If $ becomes synonymous with "substitution", then might be that $(foo) makes more sense for "substitute this expansion as a rule" than GET-BLOCK! does, which might let the GET-XXX! variations mean "use this as a literal value".

For Now I Need to Change @ So Code Gets Better... so...

1 Like

So trying this out, it does solve my problem, but it creates a disconnect I'm not totally comfortable with...

The @ operator itself has a parity. In the normal evaluator:

>> var: @ x
== x

>> var
== x

And in UPARSE:

>> uparse "" [var: @ x]
== x

>> var
== x

All's good so far... this is the Gordian-knot slicer I talked about. Synthesizing values out of thin air without a GROUP!, so it plays nicely with COMPOSE.

But I think this difference may be a mistake:

>> var: @[a b]
== @[a b]

>> uparse "" [var: @[a b]]
== [a b]

While we accept that UPARSE and regular code act differently, I'm not clear on why @ would act the same but @[...] wouldn't. The concept was maybe making it easier to do REPEAT ranges, but...well, if you wanted that, why not make REPEAT allow you to give it either BLOCK! or THE-BLOCK! ?

This also lets us maybe experiment with that trick I was suggesting, where even though evaluative types don't get added to blocks without a quote that maybe the @[...] types would.

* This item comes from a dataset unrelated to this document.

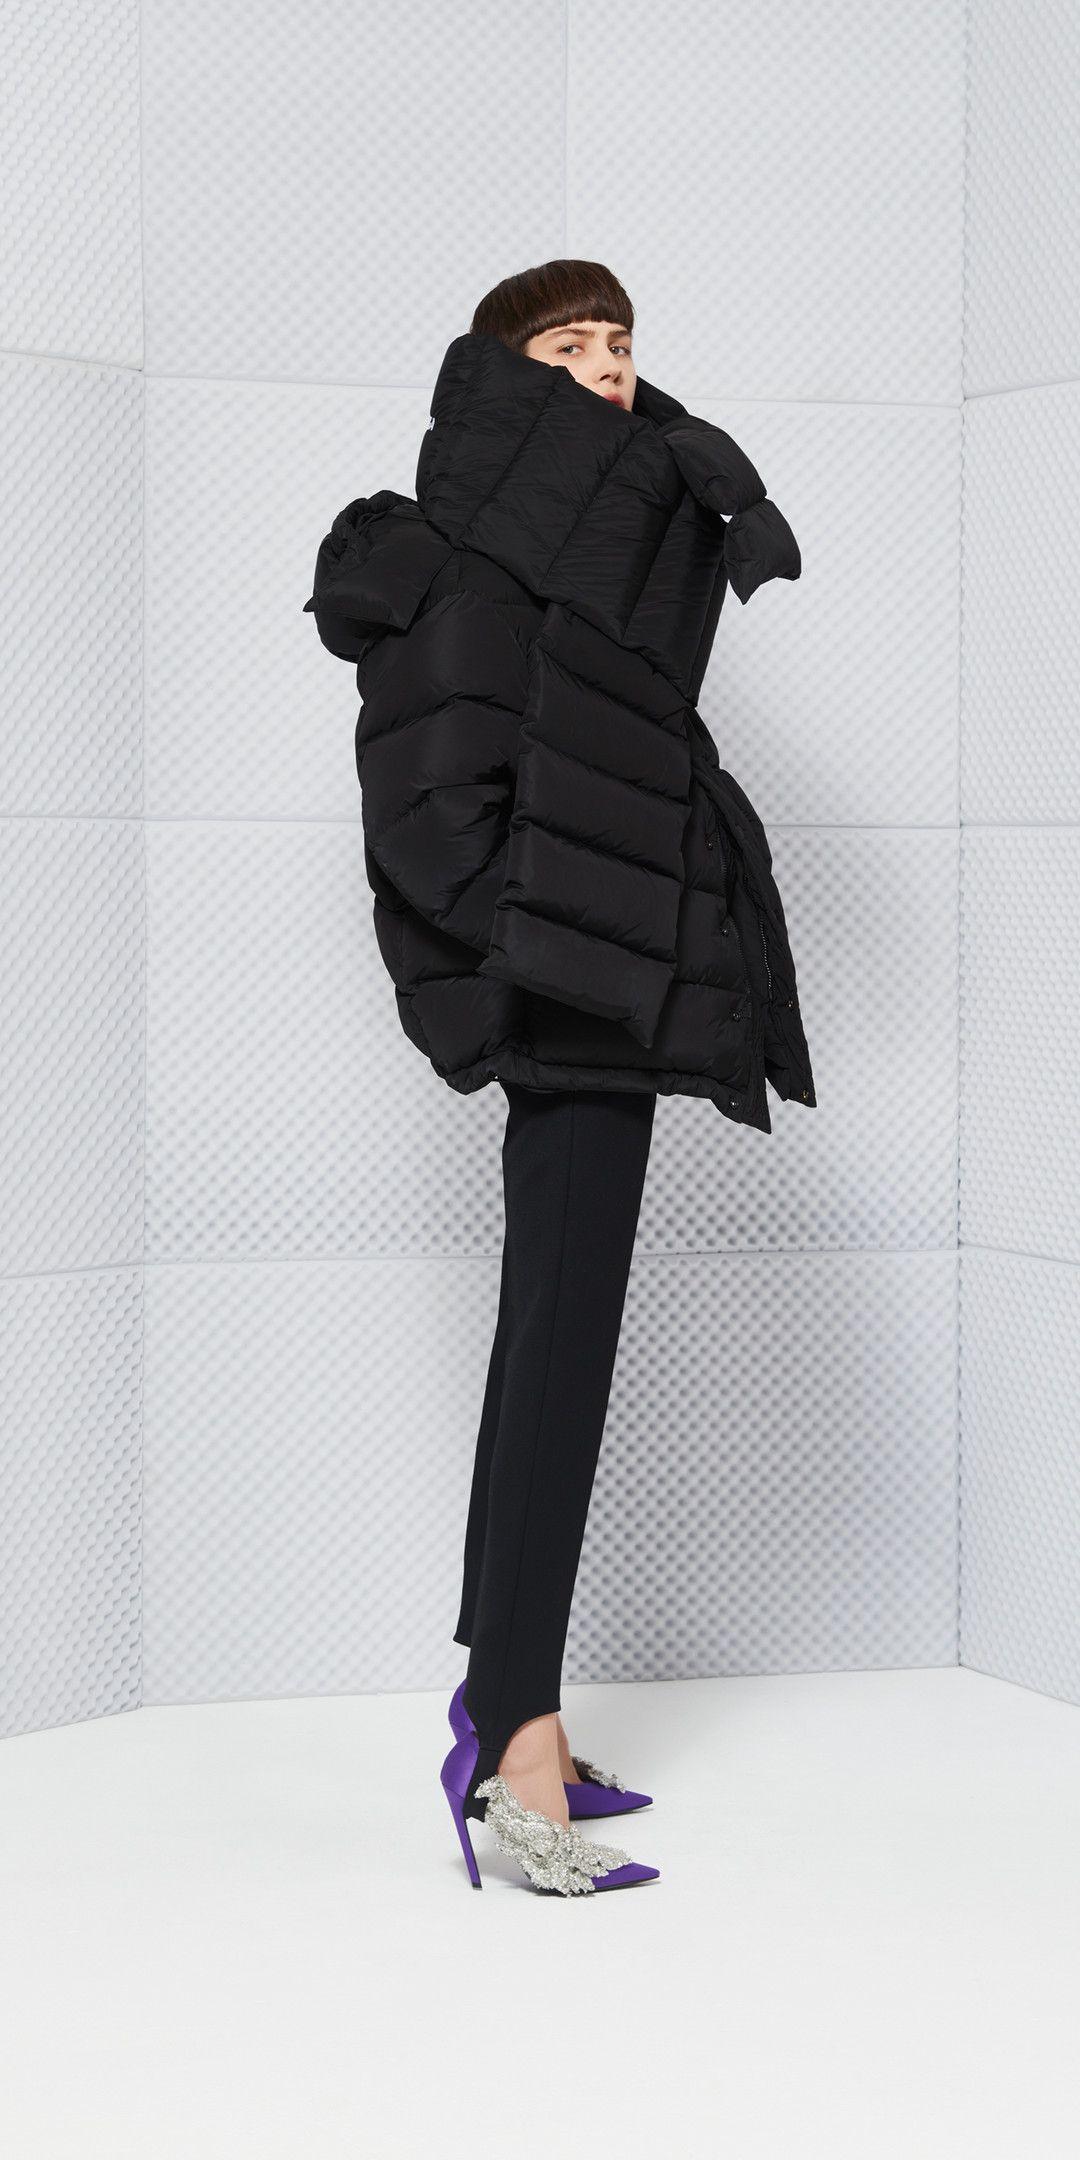 Balenciaga Manteau Doudoune pour Femme   Balenciaga

>> uparse "a" [collect [keep @keep, keep <any>]]]  ; no quote or ^ needed
== [keep #a]

This way you have both options for blocks:

>> uparse "a" [collect [keep @[keep some], keep <any>]]
== [[keep some] #a]

>> uparse "a" [collect [keep @ [keep some], keep <any>]]
== [keep some #a]

I think I was trying to make those both do the same thing, but when you look at the broader picture, that doesn't seem all that useful. If that inconsistency bothers you, then use THE instead:

>> uparse "a" [collect [keep @[keep some], keep <any>]]
== [[keep some] #a]

>> uparse "a" [collect [keep the [keep some], keep <any>]]
== [keep some #a]

If we had infinite symbols on the keyboard I might propose the symbolic THE use something else besides @, but, we don't have infinite symbols and I think I can wrap my head around the rule:

@ x => x
@x => @x

I haven't fully absorbed the implications here, but I do think this concept of having the @xxx types being a new "do whatever you want with it" argument type that plays along with combinators is pretty interesting. The ANY rule could accept it, for example:

uparse [10 <twenty> "hello" 20 304] [some any @[integer! tag! text!]]

Which to my eyes feels a little bit more comfortable than:

uparse [10 <twenty> "hello" 20 304] [some any ([integer! tag! text!])]

I'll just have to see how it comes along.

1 Like